[Opening Data provided section]

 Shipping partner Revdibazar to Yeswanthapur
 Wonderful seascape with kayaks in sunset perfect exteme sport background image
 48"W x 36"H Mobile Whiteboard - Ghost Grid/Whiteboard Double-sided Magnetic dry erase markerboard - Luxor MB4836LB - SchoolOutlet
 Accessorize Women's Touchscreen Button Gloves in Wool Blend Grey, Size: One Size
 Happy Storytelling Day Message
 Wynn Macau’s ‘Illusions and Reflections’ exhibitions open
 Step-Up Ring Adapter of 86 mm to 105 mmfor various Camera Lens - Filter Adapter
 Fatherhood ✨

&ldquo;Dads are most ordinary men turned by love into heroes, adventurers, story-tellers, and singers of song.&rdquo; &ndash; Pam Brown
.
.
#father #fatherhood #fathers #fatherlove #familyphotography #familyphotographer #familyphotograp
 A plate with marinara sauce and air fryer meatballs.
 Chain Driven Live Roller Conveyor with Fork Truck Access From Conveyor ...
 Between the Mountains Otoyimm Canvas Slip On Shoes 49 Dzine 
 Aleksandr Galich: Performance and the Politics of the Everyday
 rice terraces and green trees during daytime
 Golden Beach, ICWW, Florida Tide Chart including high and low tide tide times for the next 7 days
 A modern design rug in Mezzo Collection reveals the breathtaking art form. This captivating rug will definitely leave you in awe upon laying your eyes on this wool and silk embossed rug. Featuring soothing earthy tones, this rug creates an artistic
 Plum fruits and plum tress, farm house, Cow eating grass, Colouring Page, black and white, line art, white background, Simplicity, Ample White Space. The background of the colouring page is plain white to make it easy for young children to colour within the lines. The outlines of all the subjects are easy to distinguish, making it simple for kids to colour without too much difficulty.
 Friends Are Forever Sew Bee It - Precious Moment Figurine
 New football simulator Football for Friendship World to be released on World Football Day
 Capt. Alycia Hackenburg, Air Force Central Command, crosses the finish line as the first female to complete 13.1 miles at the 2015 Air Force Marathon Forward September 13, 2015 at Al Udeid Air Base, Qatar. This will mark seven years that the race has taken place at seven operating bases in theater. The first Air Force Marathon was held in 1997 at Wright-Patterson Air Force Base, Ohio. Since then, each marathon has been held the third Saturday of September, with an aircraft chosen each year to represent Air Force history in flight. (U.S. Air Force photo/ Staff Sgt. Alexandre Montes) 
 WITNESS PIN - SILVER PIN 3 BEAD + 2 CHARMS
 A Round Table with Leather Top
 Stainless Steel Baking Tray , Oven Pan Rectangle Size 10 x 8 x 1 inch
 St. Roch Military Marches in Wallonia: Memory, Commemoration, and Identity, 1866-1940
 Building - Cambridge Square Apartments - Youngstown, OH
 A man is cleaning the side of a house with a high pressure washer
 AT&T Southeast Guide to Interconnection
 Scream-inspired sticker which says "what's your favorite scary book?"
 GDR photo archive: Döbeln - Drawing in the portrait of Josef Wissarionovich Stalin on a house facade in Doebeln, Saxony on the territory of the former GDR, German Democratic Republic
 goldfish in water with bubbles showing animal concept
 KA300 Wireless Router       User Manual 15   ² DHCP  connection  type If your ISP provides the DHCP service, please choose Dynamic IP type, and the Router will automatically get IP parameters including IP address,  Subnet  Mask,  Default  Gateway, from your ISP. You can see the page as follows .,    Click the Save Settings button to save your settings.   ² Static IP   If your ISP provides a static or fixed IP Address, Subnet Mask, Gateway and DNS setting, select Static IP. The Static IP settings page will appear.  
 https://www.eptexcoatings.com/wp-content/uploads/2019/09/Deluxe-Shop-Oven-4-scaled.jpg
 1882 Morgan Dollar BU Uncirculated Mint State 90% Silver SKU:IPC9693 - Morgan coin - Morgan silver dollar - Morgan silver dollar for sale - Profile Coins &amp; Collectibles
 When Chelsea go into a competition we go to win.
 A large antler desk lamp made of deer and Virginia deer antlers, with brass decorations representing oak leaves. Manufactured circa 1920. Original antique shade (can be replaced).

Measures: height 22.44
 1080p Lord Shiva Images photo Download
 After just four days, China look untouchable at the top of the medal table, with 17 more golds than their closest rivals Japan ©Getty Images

[Closing Data provided section]

Your goal = Would you print exactly the lines from the first line of the entries above through the line that has "A plate with", both included, and stop there?

Result of the exercise =
 Shipping partner Revdibazar to Yeswanthapur
 Wonderful seascape with kayaks in sunset perfect exteme sport background image
 48"W x 36"H Mobile Whiteboard - Ghost Grid/Whiteboard Double-sided Magnetic dry erase markerboard - Luxor MB4836LB - SchoolOutlet
 Accessorize Women's Touchscreen Button Gloves in Wool Blend Grey, Size: One Size
 Happy Storytelling Day Message
 Wynn Macau’s ‘Illusions and Reflections’ exhibitions open
 Step-Up Ring Adapter of 86 mm to 105 mmfor various Camera Lens - Filter Adapter
 Fatherhood ✨

&ldquo;Dads are most ordinary men turned by love into heroes, adventurers, story-tellers, and singers of song.&rdquo; &ndash; Pam Brown
.
.
#father #fatherhood #fathers #fatherlove #familyphotography #familyphotographer #familyphotograp
 A plate with marinara sauce and air fryer meatballs.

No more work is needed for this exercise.